Warm-up: 1. Clean the name column: strip whitespace and apply title case. 2. Map departments to codes: Engineering → ENG, Sales → SLS, HR → HRM.

Main:

Create a salary_band column using np.select():
Band 4 (Principal): salary >= 90,000
Band 3 (Senior): salary >= 65,000
Band 2 (Mid): salary >= 45,000
Band 1 (Junior): below 45,000
Calculate annual bonus using vectorized operations (no apply):
Base bonus: 10% of salary
Top performer bonus (rating >= 4.7): add ₹15,000
Seniority bonus (experience >= 7 years): add ₹8,000
Create a years_bucket column using pd.cut() with bins: [0, 2, 5, 10] and labels ["Junior", "Mid", "Senior"].

Stretch:

For each department, compute the ratio of each employee's salary to the department maximum salary. Call it dept_salary_ratio. Do this without apply.
Write a function flag_high_value_employee(row) that returns True if the employee is in the top band AND has experience >= 5 years AND rating >= 4.5. Apply it with apply(axis=1). Then rewrite it using vectorized operations and verify the results match.

Show solution

# Warm-up 1: clean names
employees["name"] = employees["name"].str.strip().str.title()

# Warm-up 2: department codes
dept_map = {"Engineering": "ENG", "Sales": "SLS", "HR": "HRM"}
employees["dept_code"] = employees["department"].map(dept_map)
# Verify no NaN (all depts mapped)
assert employees["dept_code"].isna().sum() == 0

# Main 3: salary bands with np.select
conditions = [
    employees["salary"] >= 90000,
    employees["salary"] >= 65000,
    employees["salary"] >= 45000
]
labels = ["Band 4 (Principal)", "Band 3 (Senior)", "Band 2 (Mid)"]
employees["salary_band"] = np.select(conditions, labels, default="Band 1 (Junior)")

# Main 4: bonus — fully vectorized
base_bonus = employees["salary"] * 0.10
top_performer = np.where(employees["performance_rating"] >= 4.7, 15000, 0)
seniority = np.where(employees["experience_years"] >= 7, 8000, 0)
employees["annual_bonus"] = base_bonus + top_performer + seniority
print(employees[["name", "salary", "performance_rating", "experience_years", "annual_bonus"]])

# Main 5: years bucket
employees["years_bucket"] = pd.cut(
    employees["experience_years"],
    bins=[0, 2, 5, 10],
    labels=["Junior", "Mid", "Senior"],
    include_lowest=True
)

# Stretch 6: salary ratio to department max — using transform
employees["dept_max_salary"] = employees.groupby("department")["salary"].transform("max")
employees["dept_salary_ratio"] = (employees["salary"] / employees["dept_max_salary"]).round(3)
print(employees[["name", "department", "salary", "dept_max_salary", "dept_salary_ratio"]])

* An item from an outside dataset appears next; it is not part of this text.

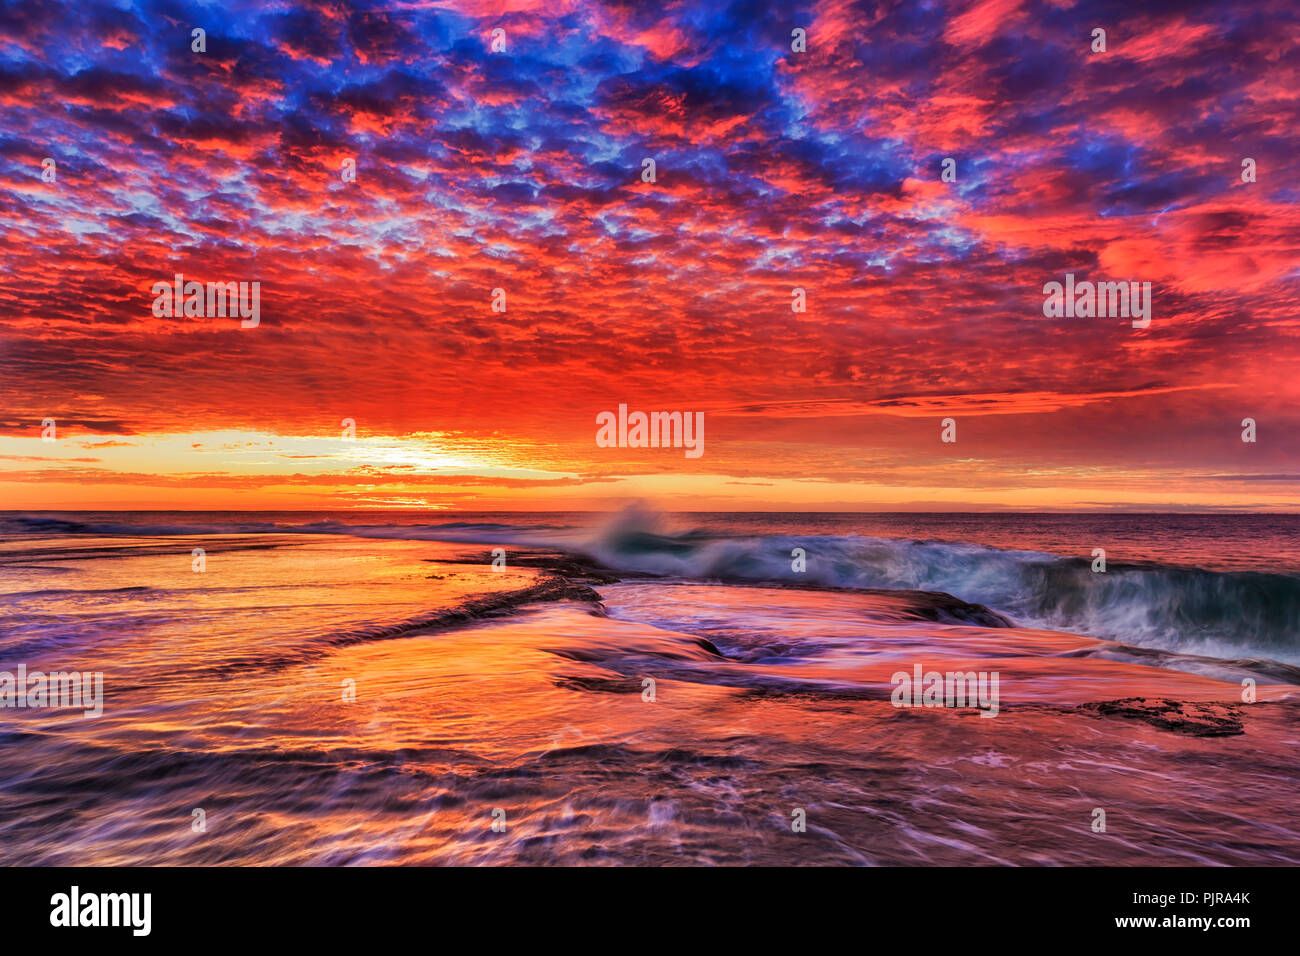 Vivid colourful sunrise over sandstone rock plateau at Mona Vale beach of Australia, Sydney, with stormy Pacific ocean waves attacking shore. Stock Photo

# Stretch 7: high value employee — apply version
def flag_high_value_employee(row):
    return (
        row["salary"] >= 90000
        and row["experience_years"] >= 5
        and row["performance_rating"] >= 4.5
    )

employees["high_value_apply"] = employees.apply(flag_high_value_employee, axis=1)

# Vectorized version — same result
employees["high_value_vec"] = (
    (employees["salary"] >= 90000)
    & (employees["experience_years"] >= 5)
    & (employees["performance_rating"] >= 4.5)
)

# Verify they match
assert (employees["high_value_apply"] == employees["high_value_vec"]).all()
print("Both methods match.")
print(employees[["name", "salary_band", "experience_years", "performance_rating", "high_value_vec"]])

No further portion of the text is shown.